JSON Mode with LangChain4j - Reliable Structured AI Responses
Learn how JSON Mode works in LangChain4j, why it is essential for enterprise AI applications, and how to generate predictable machine-readable JSON responses from Large Language Models.
Introduction
Large Language Models are designed to generate human-readable text.
Example:
John Doe is a Software Engineer with 10 years of experience.
While this is useful for humans, enterprise applications usually need structured data such as:
- JSON
- Java Objects
- API Payloads
- Database Records
Instead of asking AI to return paragraphs, we can ask it to generate valid JSON.

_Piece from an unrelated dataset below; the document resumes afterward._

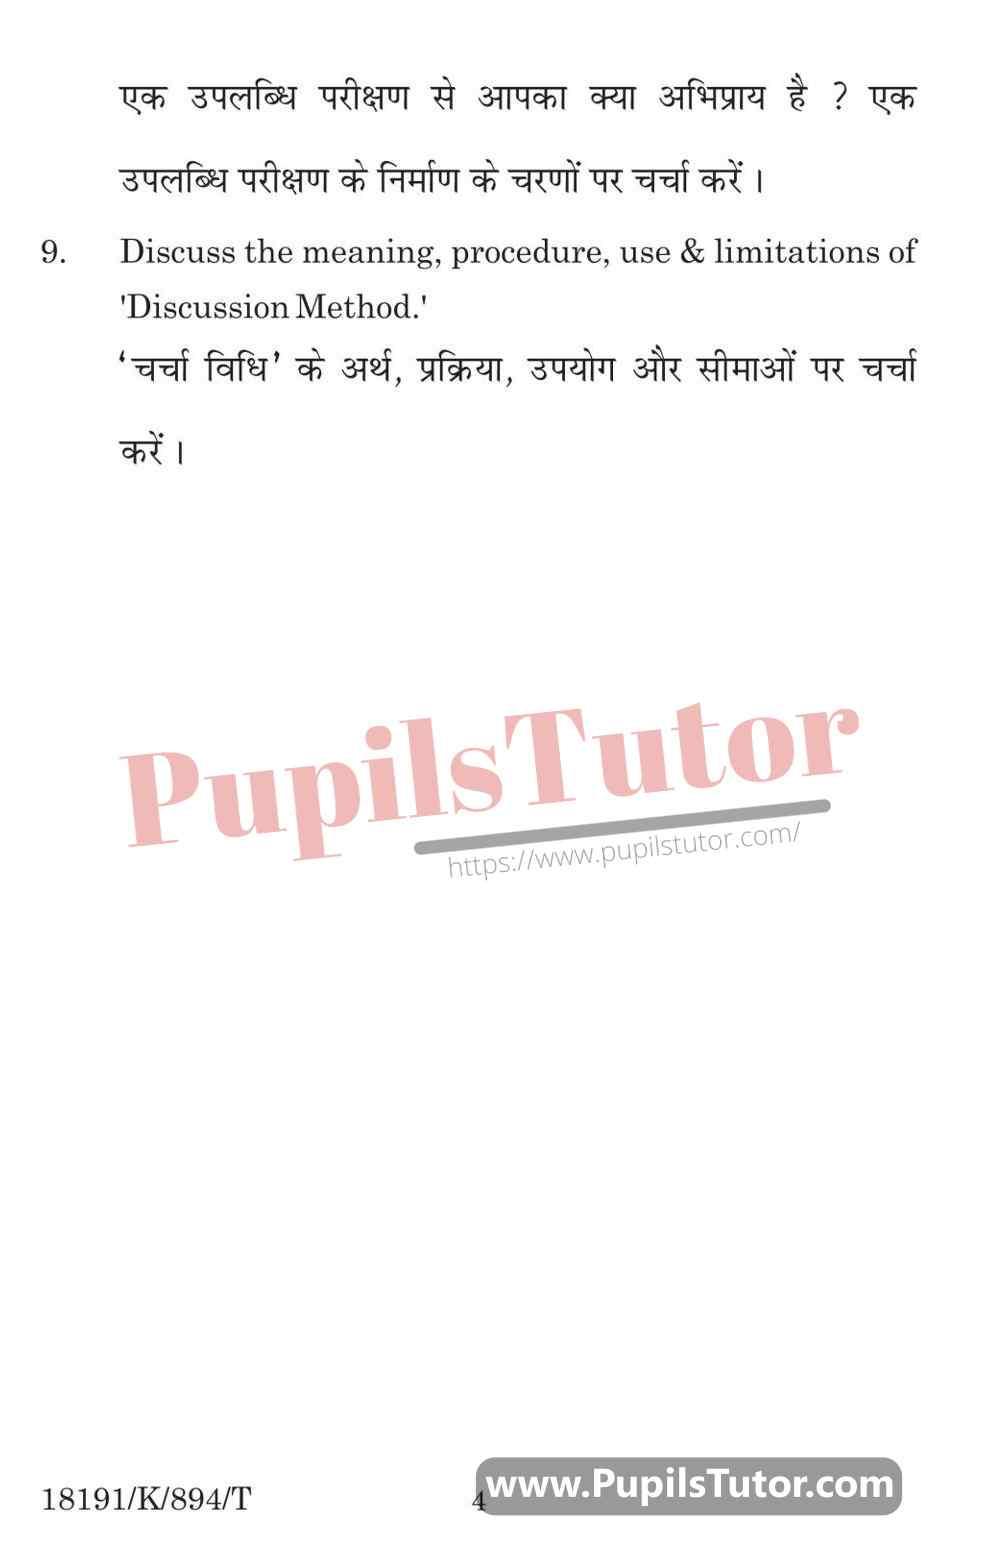 KUK (Kurukshetra University, Haryana) Pedagogy Of Economics Question Paper 2020 For B.Ed 1st And 2nd Year And All The 4 Semesters In English And Hindi Medium Free Download PDF - Page 4 - pupilstutor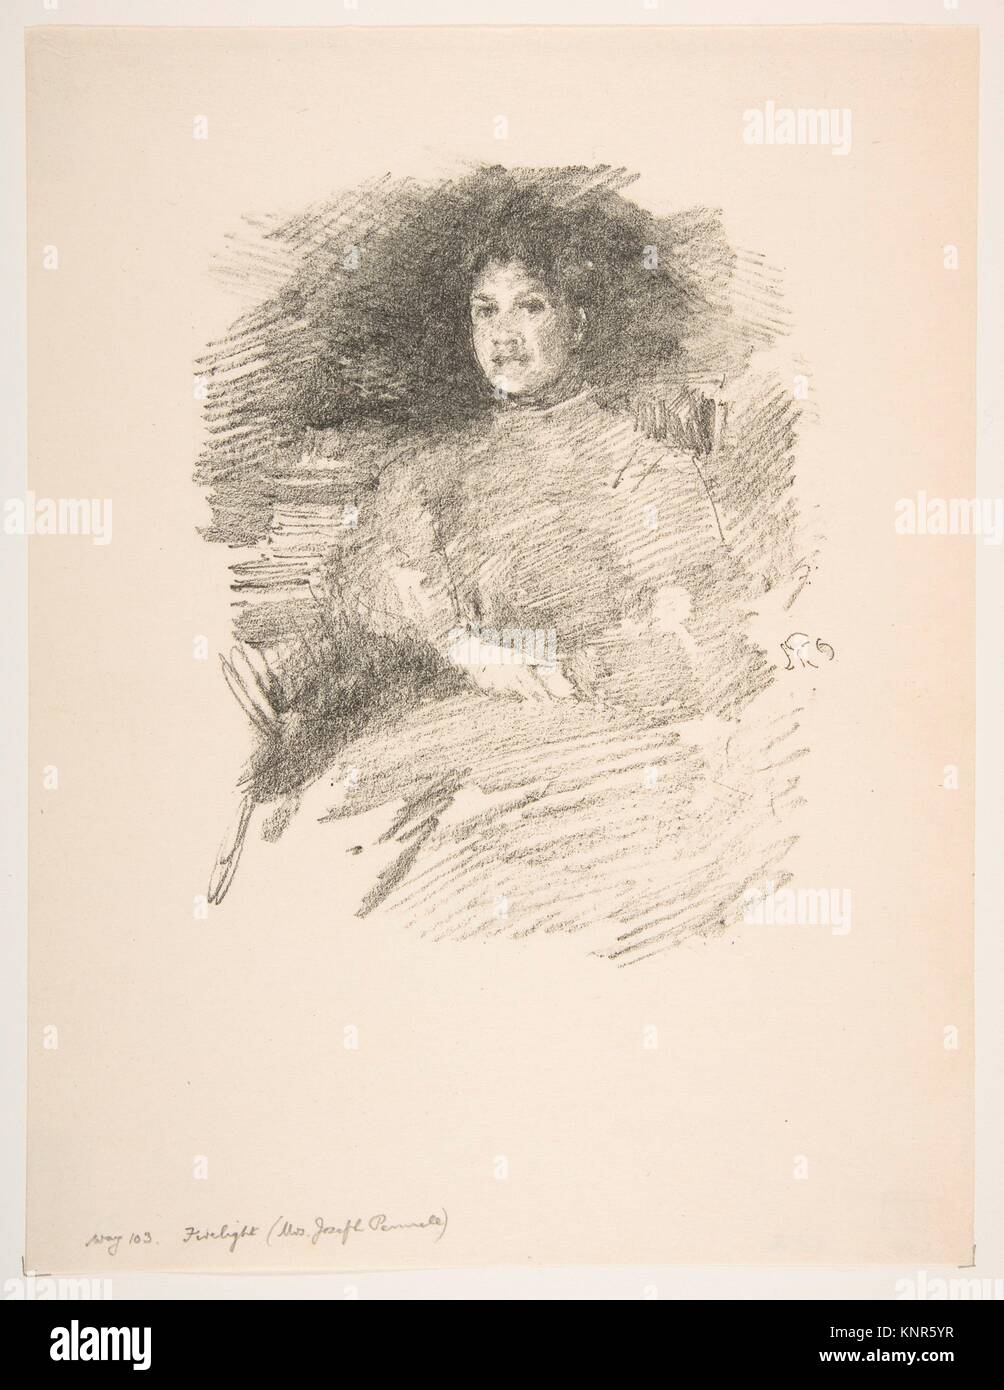 Firelight (Mrs. Joseph Pennell). Artist: James McNeill Whistler (American, Lowell, Massachusetts 1834-1903 London); - Stock Image

This capability is known as JSON Mode.
What is JSON Mode?
JSON Mode instructs the LLM to generate responses only in valid JSON format.
Instead of:
The customer is John.
His account number is 12345.
The AI returns:
{
"customerName": "John",
"accountNumber": "12345"
}
Applications can immediately deserialize this response into Java objects.
Why JSON Mode?
Enterprise systems exchange data using JSON.
Examples include:
- REST APIs
- Microservices
- Kafka Messages
- Event-Driven Systems
- Mobile Applications
- Frontend Applications
Instead of parsing text manually, applications consume structured JSON directly.
Traditional AI Response
User Request
↓
LLM
↓
Paragraph
↓
Manual Parsing
↓
Application
Problems:
- Difficult parsing
- Inconsistent output
- Validation issues
- More application code
JSON Mode Response
User Request
↓
LLM
↓
Valid JSON
↓
Java Object
↓
Business Logic
Cleaner.
Safer.
More reliable.
High-Level Architecture
flowchart LR
User
SpringBoot
LangChain4j
LLM
JSON
Jackson
JavaObject
User --> SpringBoot
SpringBoot --> LangChain4j
LangChain4j --> LLM
LLM --> JSON
JSON --> Jackson
Jackson --> JavaObject
Real Enterprise Example
A customer uploads a resume.
Instead of receiving:
John has 10 years of Java experience.
He knows Spring Boot and AWS.
We receive:
{
"candidateName":"John",
"experience":10,
"skills":[
"Java",
"Spring Boot",
"AWS"
]
}
This can immediately be stored in the database.
Request Flow
sequenceDiagram
User->>Spring Boot: Upload Resume
Spring Boot->>LangChain4j: Extract Candidate Details
LangChain4j->>LLM: Prompt
LLM-->>LangChain4j: JSON
LangChain4j-->>Spring Boot: JSON
Spring Boot->>Jackson: Deserialize
Jackson-->>Spring Boot: Java Object
Example Prompt
Extract employee information.
Return ONLY JSON.
Fields:
name
department
experience
skills
AI Response
{
"name":"David",
"department":"Engineering",
"experience":8,
"skills":[
"Java",
"Spring Boot",
"Kafka"
]
}
Java Record
public record Employee(
String name,
String department,
int experience,
List<String> skills
){}
Converting JSON into Java Object
ObjectMapper mapper = new ObjectMapper();
Employee employee =
mapper.readValue(json, Employee.class);
No manual parsing required.
Enterprise Use Cases
Resume Parser
Resume
↓
JSON
↓
Candidate Object
↓
Database
Invoice Processing
Invoice PDF
↓
AI
↓
{
"invoiceNumber":"INV1001",
"amount":3500,
"vendor":"ABC Pvt Ltd"
}
Banking
Customer Email
↓
AI
↓
{
"customerId":"1001",
"requestType":"Card Replacement",
"priority":"High"
}
Insurance
Claim Document
↓
AI
↓
{
"policyNumber":"P1001",
"claimAmount":25000,
"status":"Pending"
}
Healthcare
Medical Report
↓
AI
↓
{
"patientName":"Alice",
"diagnosis":"Diabetes",
"doctor":"Smith"
}
JSON Mode Workflow
flowchart LR
USER["User Prompt"]
MODEL["LLM"]
JSON["Structured JSON"]
VALIDATOR["Schema Validation"]
MAPPER["Jackson ObjectMapper"]
DTO["Java DTO / POJO"]
APP["Spring Boot Application"]
USER --> MODEL
MODEL --> JSON
JSON --> VALIDATOR
VALIDATOR --> MAPPER
MAPPER --> DTO
DTO --> APP
JSON Validation
Never assume AI always generates valid JSON.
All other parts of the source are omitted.